Public bug reported:

This issue has been observed in RDO 2024.1/OVN 23.03/AlmaLinux 9.

This has also been reproduced in Devstack.

1. Ensure that allow_automatic_vpnagent_failover is set to True
2. Have two VPN agents
3. Set up a VPN connection successfully
4. Disable the agent running the VPN connection

Expected results: The VPN connection is successfully rescheduled to a a
different agent

Actual results: Nothing happens


I have been troubleshooting this for a fair bit, and I have found the following:

In neutron-vpnaas/neutron_vpnaas/db/vpn/vpn_agentschedulers_db.py, the
function get_down_router_bindings tries to get_vpn_agents that are down.
If I add a line in the beginning of the function that tries to get ALL
agents like this:

```python
LOG.info("troubleshooting: " + str(self.core_plugin.get_agents(context)))
```

... and then restart neutron-server and wait for it to run the function,
it prints 'troubleshooting: []', indicating that it finds no agents at
all.

If you do this on a system that has most agents in OVN, but some in the
neutron database (case in point: BGP Dragents), you will see the BGP
agents listed.  This makes me believe that the core problem is that
vpnaas never checks for agents in the OVN singleton.

** Affects: neutron
     Importance: Undecided
         Status: New

-- 
You received this bug notification because you are a member of Yahoo!
Engineering Team, which is subscribed to neutron.
https://bugs.launchpad.net/bugs/2089250

Title:
  neutron-vpnaas: Automatic VPN Agent failover not working with OVN
  driver

Status in neutron:
  New

Bug description:
  This issue has been observed in RDO 2024.1/OVN 23.03/AlmaLinux 9.

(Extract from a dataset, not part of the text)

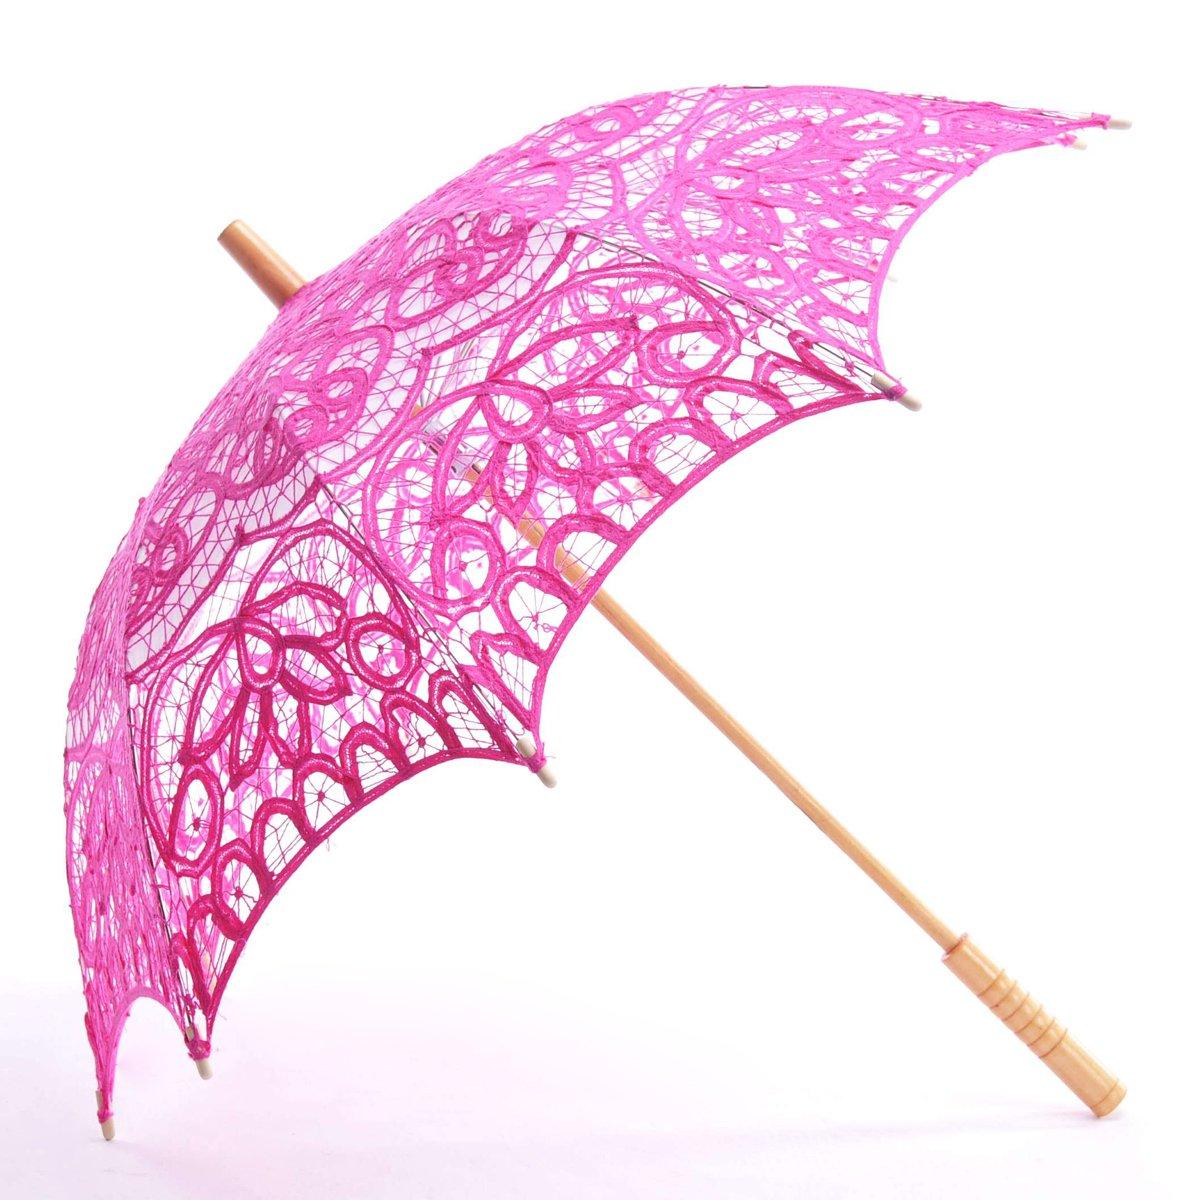 Topwedding Classic Cotton Lace Parasol Umbrella Bridal Shower Decoration, Fuschia by Topwedding (Image #1)

  This has also been reproduced in Devstack.

  1. Ensure that allow_automatic_vpnagent_failover is set to True
  2. Have two VPN agents
  3. Set up a VPN connection successfully
  4. Disable the agent running the VPN connection

  Expected results: The VPN connection is successfully rescheduled to a
  a different agent

  Actual results: Nothing happens

  
  I have been troubleshooting this for a fair bit, and I have found the following:

  In neutron-vpnaas/neutron_vpnaas/db/vpn/vpn_agentschedulers_db.py, the
  function get_down_router_bindings tries to get_vpn_agents that are
  down.  If I add a line in the beginning of the function that tries to
  get ALL agents like this:

  ```python
  LOG.info("troubleshooting: " + str(self.core_plugin.get_agents(context)))
  ```

  ... and then restart neutron-server and wait for it to run the
  function, it prints 'troubleshooting: []', indicating that it finds no
  agents at all.

  If you do this on a system that has most agents in OVN, but some in
  the neutron database (case in point: BGP Dragents), you will see the
  BGP agents listed.  This makes me believe that the core problem is
  that vpnaas never checks for agents in the OVN singleton.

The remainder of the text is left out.